The blood-brain barrier prevents immune cells from entering the brain. It is a protective mechanism that effectively prevents immune cells from infiltrating the brain and triggers fatal brain inflammation. In general, this protection is beneficial to the human body, but for glioblastoma patients, the presence of the blood-brain barrier prevents T cells from reaching the location of the tumor in the brain, thereby making glioblastoma a We usually call “cold tumors.”

 

In a paper published this week in Nature, scientists from the Egyptian Children’s Cancer Hospital and Texas, USA, reported a new way to promote the infiltration of T cells into the brain of mice. Will increase the response of glioblastoma to immunotherapy.

 

The reason why brain inflammation occurs in patients with encephalitis is because immune cells cross the blood-brain barrier and enter the brain, causing inflammation. Migration of T cells into the brain is accomplished through multi-step coordination.

 

The T cells in the blood must first adhere to the endothelial cells of the blood vessels. The process of adhesion is mediated by the binding of ligands on the surface of T cells to the adhesion molecules of ALCAM and ICAM-1 on the surface of endothelial cells. These adhesion molecules are overexpressed during encephalitis formation, and binding of ALCAM to the T cell ligand CD6 prevents T cells from continuing to migrate forward in the blood vessels, after which ICAM-1 and VCAM-1 are aligned with the surface of the responding T cells. Body combination.

 

When the binding of the adhesion molecules reaches a certain threshold, the T cells migrate to the gap between the endothelial cells and enter the brain from the blood vessels.

 

However, in glioblastoma, the expression levels of ICAM-1 and VCAM-17 in endothelial cells are very low due to abnormalities in the vascular structure in the brain. If you can simulate the specific state of patients with encephalitis and strengthen the adhesion of T cells to endothelial cells in patients with glioblastoma, it is possible to cause more T cells to migrate into the brain of patients.

 

The researchers found that endothelial cells in patients with glioblastoma have ALCAM overexpression, so they believe that by transforming T cells to bind to ALCAM, it is possible to promote T cell migration into the brain.

 

Next, the researchers designed a synthetic ligand HS-CD6 derived from CD6-based ALCAM and introduced the relevant gene into the genome of T cells using a retroviral vector. They then found that T cells expressing HS-CD6 ligands were able to bind tightly to endothelial cells expressing ALCAM. In vitro experiments have also found that this binding promotes migration of the T cells to endothelial cells.

 

Next, the researchers introduced a chimeric antigen receptor capable of recognizing HER2 on such T cells, and verified whether such cells can effectively enter the mouse brain and kill tumor cells.
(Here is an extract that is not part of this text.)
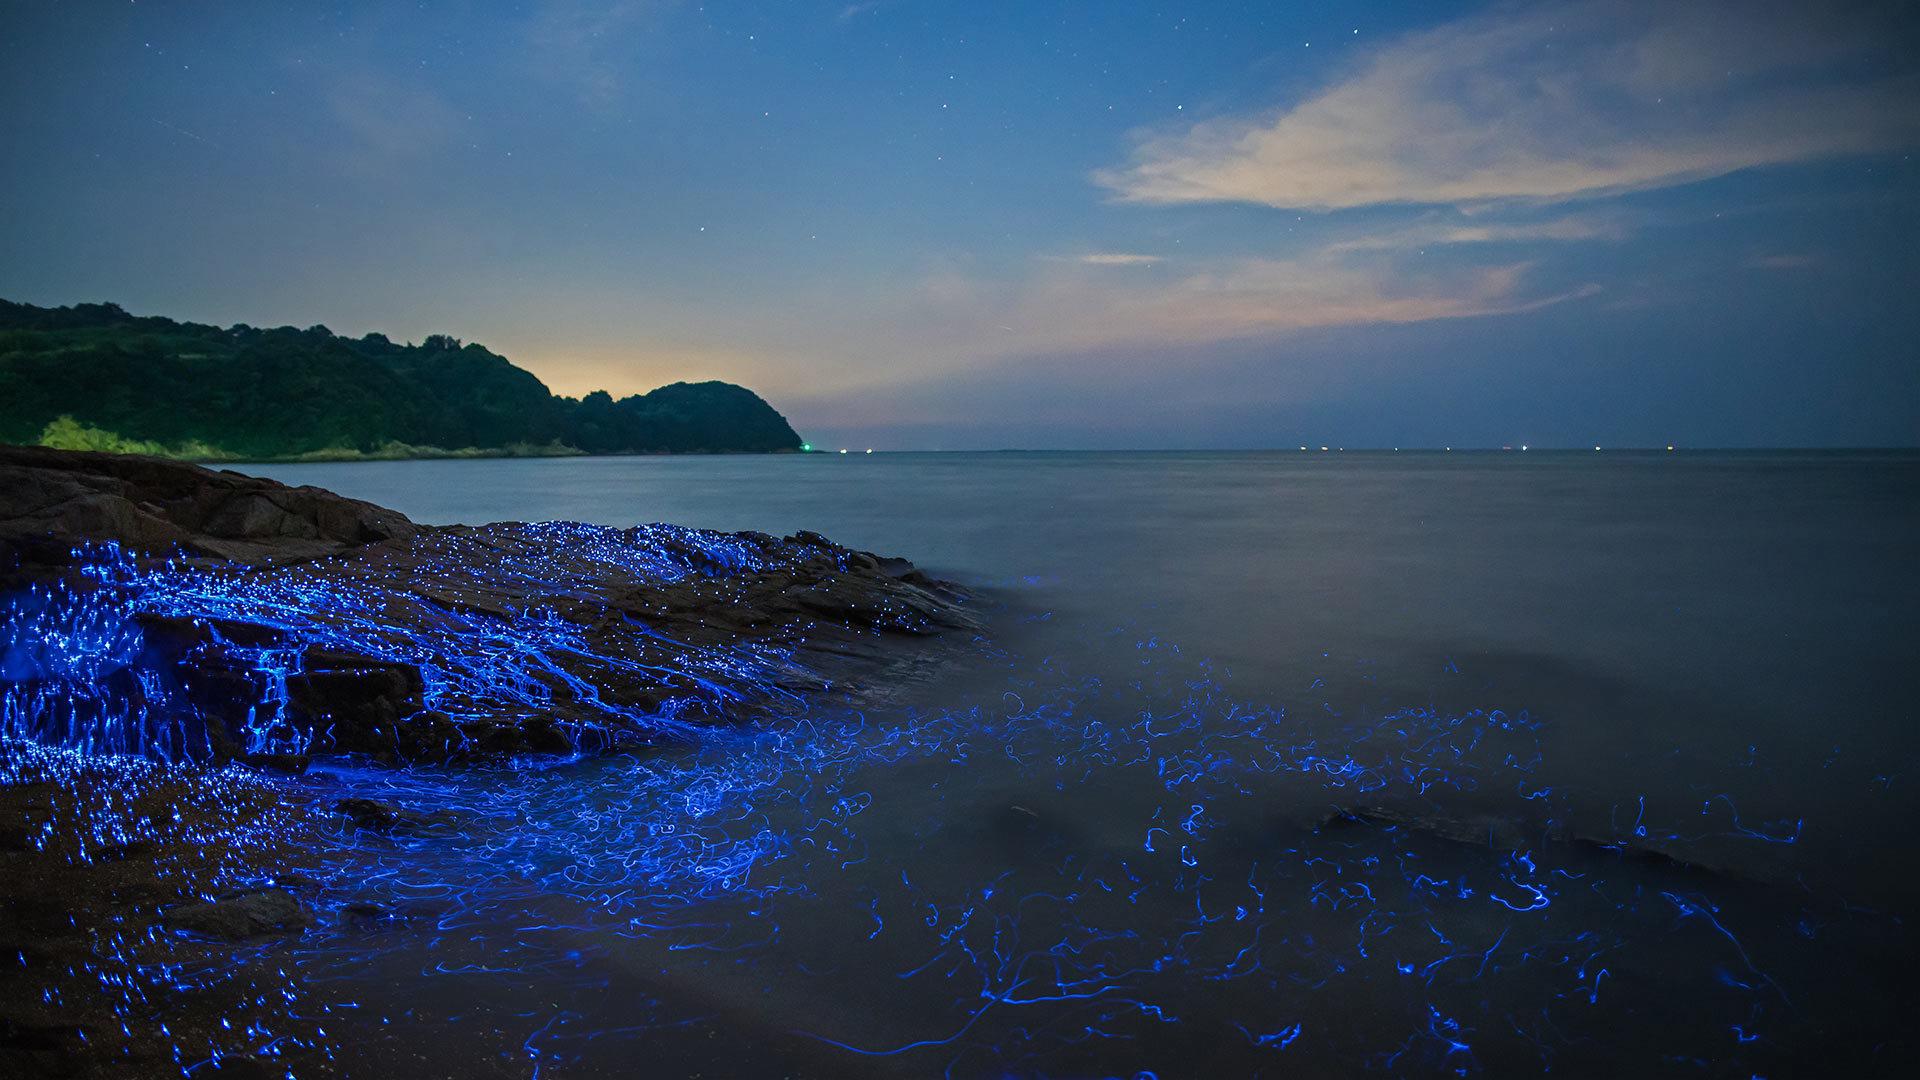 冈山沿岸的发光海洋萤火虫海洋萤火虫

They found that the engineered T cells successfully infiltrated glioblastoma and completely cleared glioblastoma in the brain of most mice and maintained long-term remission. As a control, those T cells expressing only the chimeric antigen receptor could not successfully enter the mouse brain.

 

The study provides a more promising direction for the use of immunotherapy for the treatment of glioblastoma. But there are still many difficulties to overcome before entering clinical trials.

 

First, ALCAM can be expressed on many types of cell surfaces, including bone marrow cells, so subsequent studies must determine whether such cells can affect the normal function of these cells.
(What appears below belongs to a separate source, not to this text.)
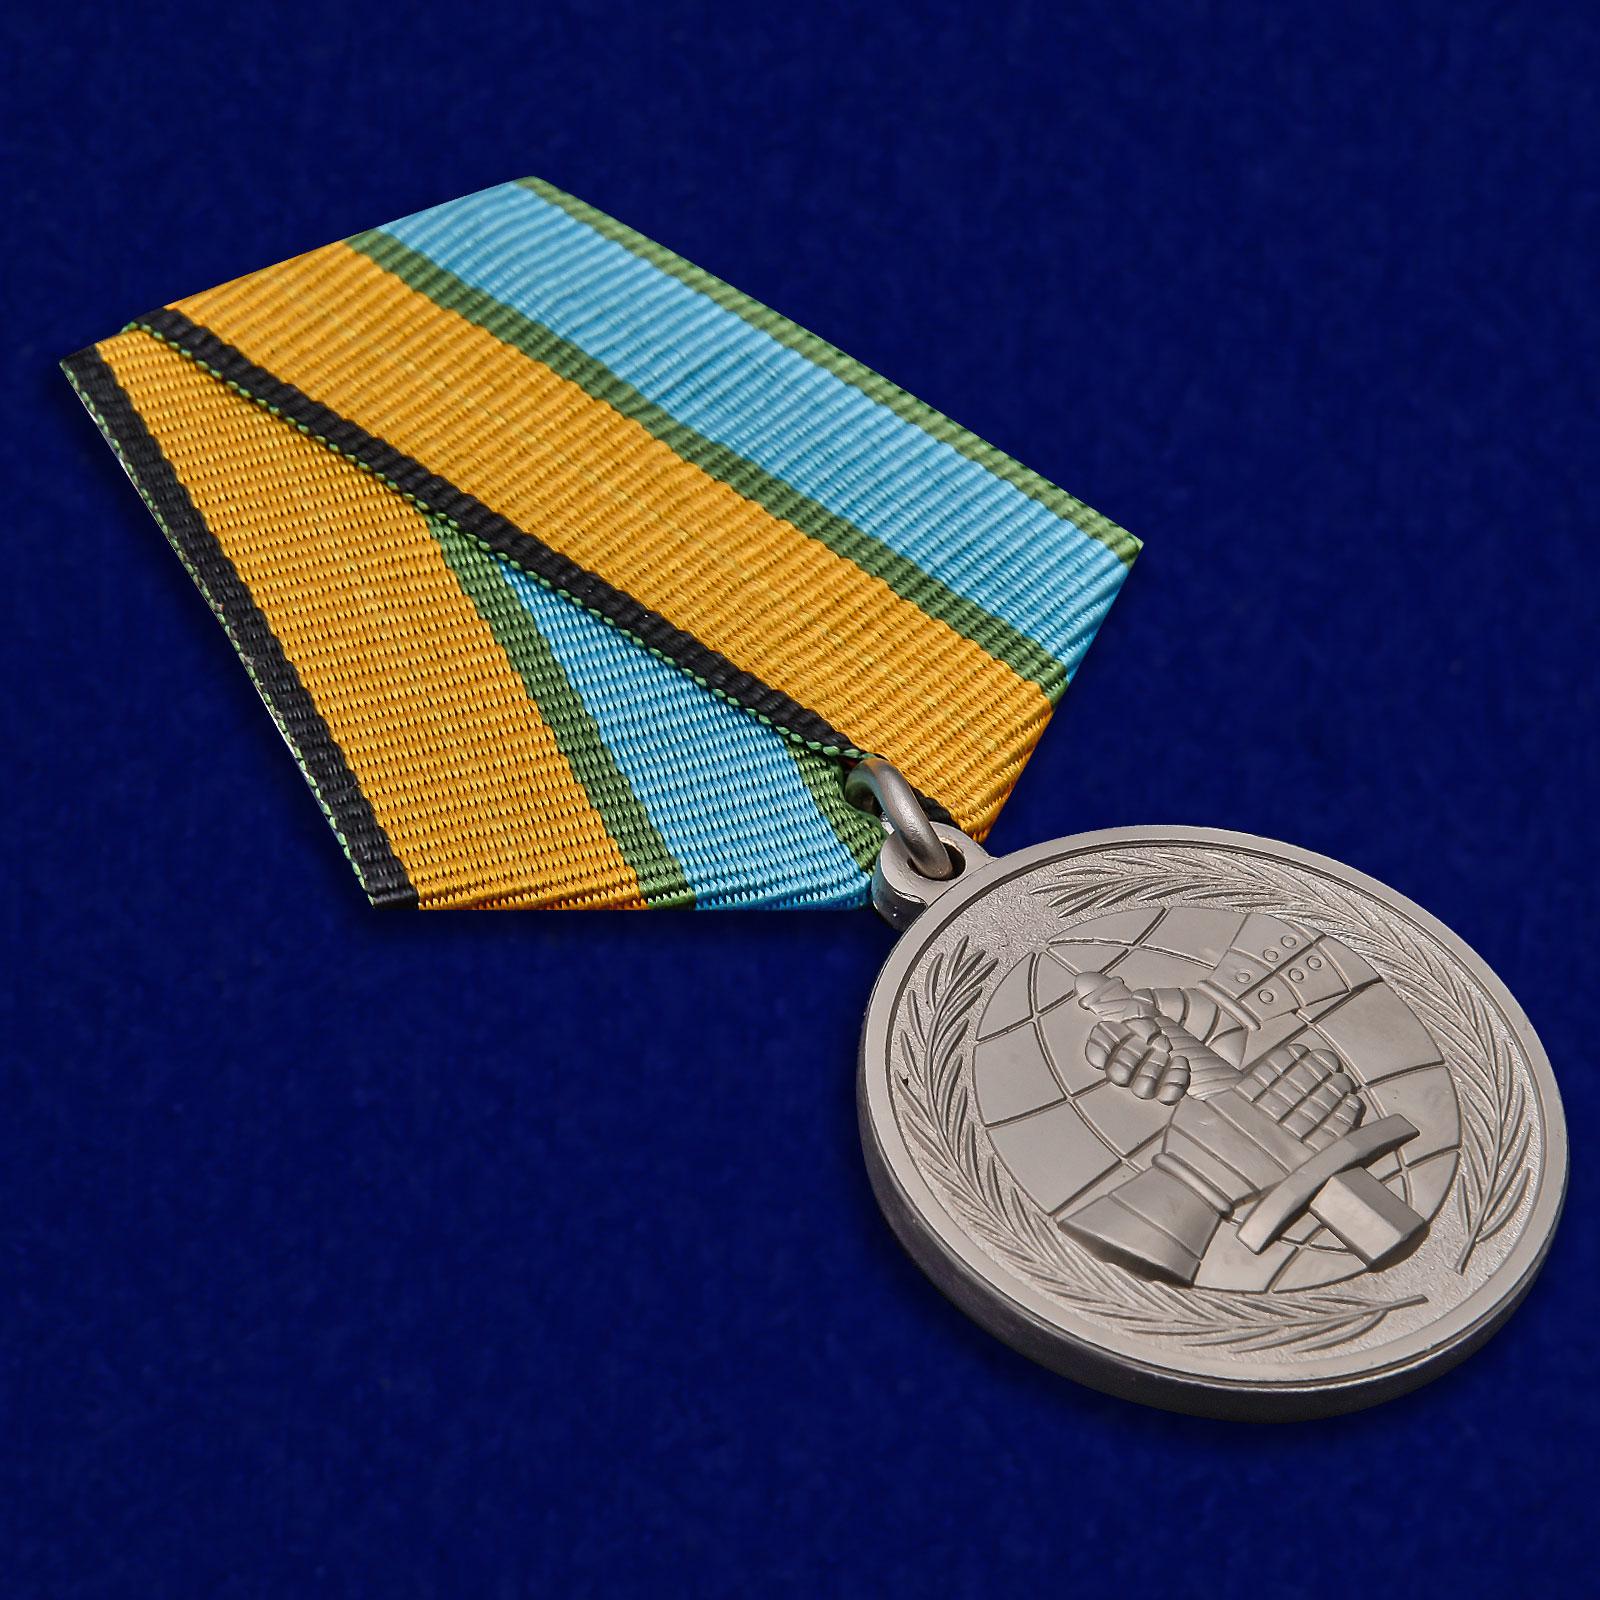 """Купить медаль МО """"За вклад в развитие международного военного сотрудничества"""""""

In addition, if T cells produce off-target effects that cause damage to normal tissues, it is possible to cause serious toxic reactions in a direct or indirect manner. Therefore, strategies that limit T cell activation and survival, such as the installation of a safety switch on T cells, may be able to control this toxic response. Although the survival of mice during the experiment is relatively long, it suggests that the method used in this experiment may not cause off-target toxicity, but this experiment did not study the survival time of these CAR-T cells in the brain, so it is now impossible Determine if these cells will have off-target effects.

 

Finally, it should be noted that crossing the blood-brain barrier is an important step in the systematic application of CAR-T therapy in the treatment of glioblastoma. However, even if this step is completed in the human body, it is not possible to overcome the glioblasts. Barriers to tumor treatment.
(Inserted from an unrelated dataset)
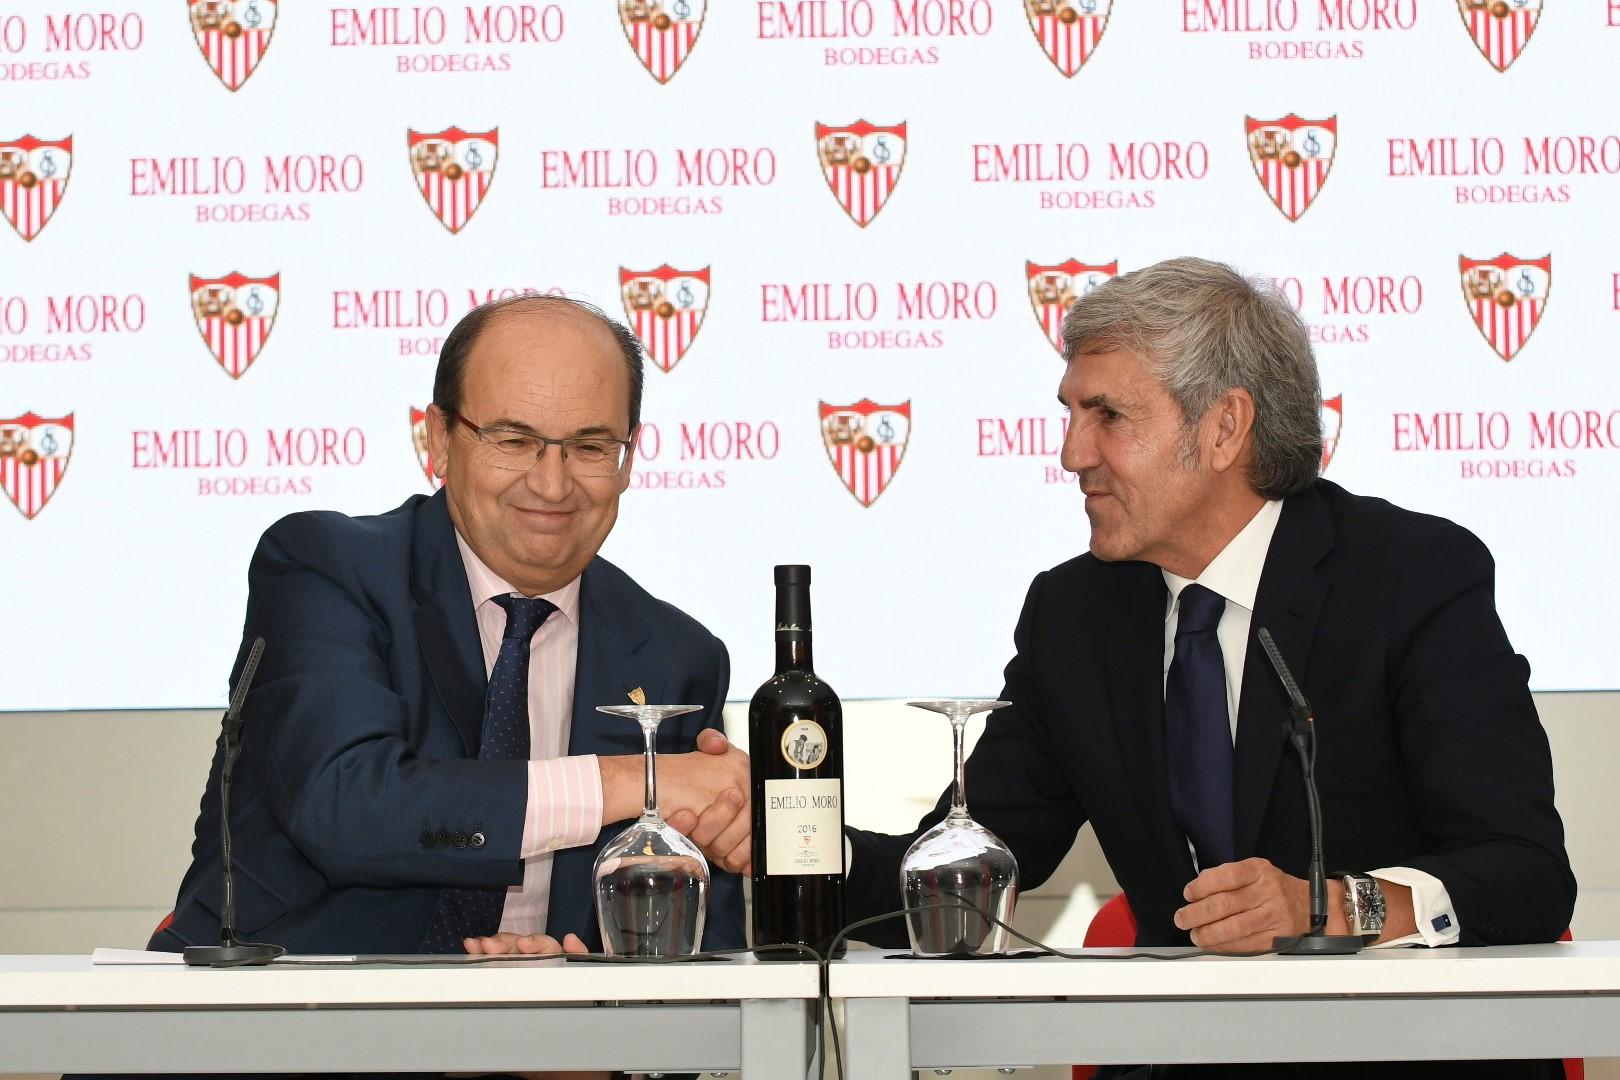 Bodegas Emilio Moro y el Sevilla FC levantamos la primera copa de la temporada

CAR-T cells encounter various immunosuppressive factors in the tumor microenvironment after entering the brain. Moreover, this immunosuppressive state is difficult to simulate in experimental animals. Therefore, although this type of cells can effectively eliminate glioblastoma in experimental animals, the predictive value for clinical trials is not very high. Probably later research will rely on combination therapies, such as the combination of PD-1/L1 inhibitors, to allow T cells not only to enter the brain, but also to survive long-term and maintain an effective anti-tumor response over time.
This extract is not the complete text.